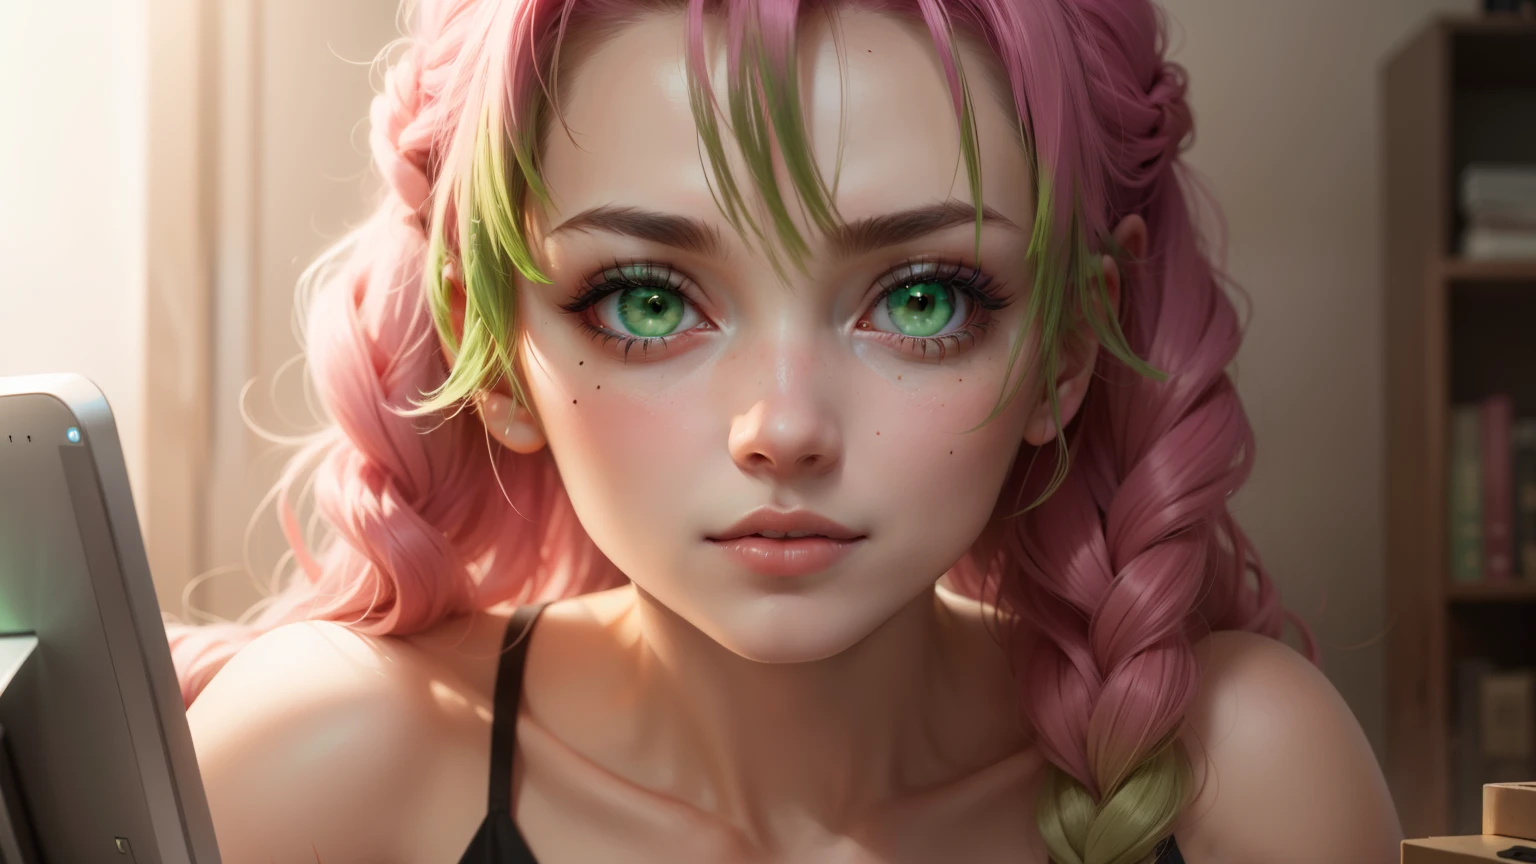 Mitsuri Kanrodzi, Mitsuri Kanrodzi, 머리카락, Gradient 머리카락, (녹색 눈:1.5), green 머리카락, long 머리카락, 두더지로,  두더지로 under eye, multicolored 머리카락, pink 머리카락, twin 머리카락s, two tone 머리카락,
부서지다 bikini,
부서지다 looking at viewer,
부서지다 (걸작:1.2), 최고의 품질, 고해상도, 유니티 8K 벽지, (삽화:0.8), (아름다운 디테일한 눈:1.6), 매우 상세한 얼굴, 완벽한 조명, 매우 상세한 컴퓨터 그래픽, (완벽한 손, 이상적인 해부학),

------------------------------------

## ASSIGNMENT
Look through the listing above. Pick out each line with "부서지다" and copy it.

## ANSWER SECTION
부서지다 bikini,
부서지다 looking at viewer,
부서지다 (걸작:1.2), 최고의 품질, 고해상도, 유니티 8K 벽지, (삽화:0.8), (아름다운 디테일한 눈:1.6), 매우 상세한 얼굴, 완벽한 조명, 매우 상세한 컴퓨터 그래픽, (완벽한 손, 이상적인 해부학),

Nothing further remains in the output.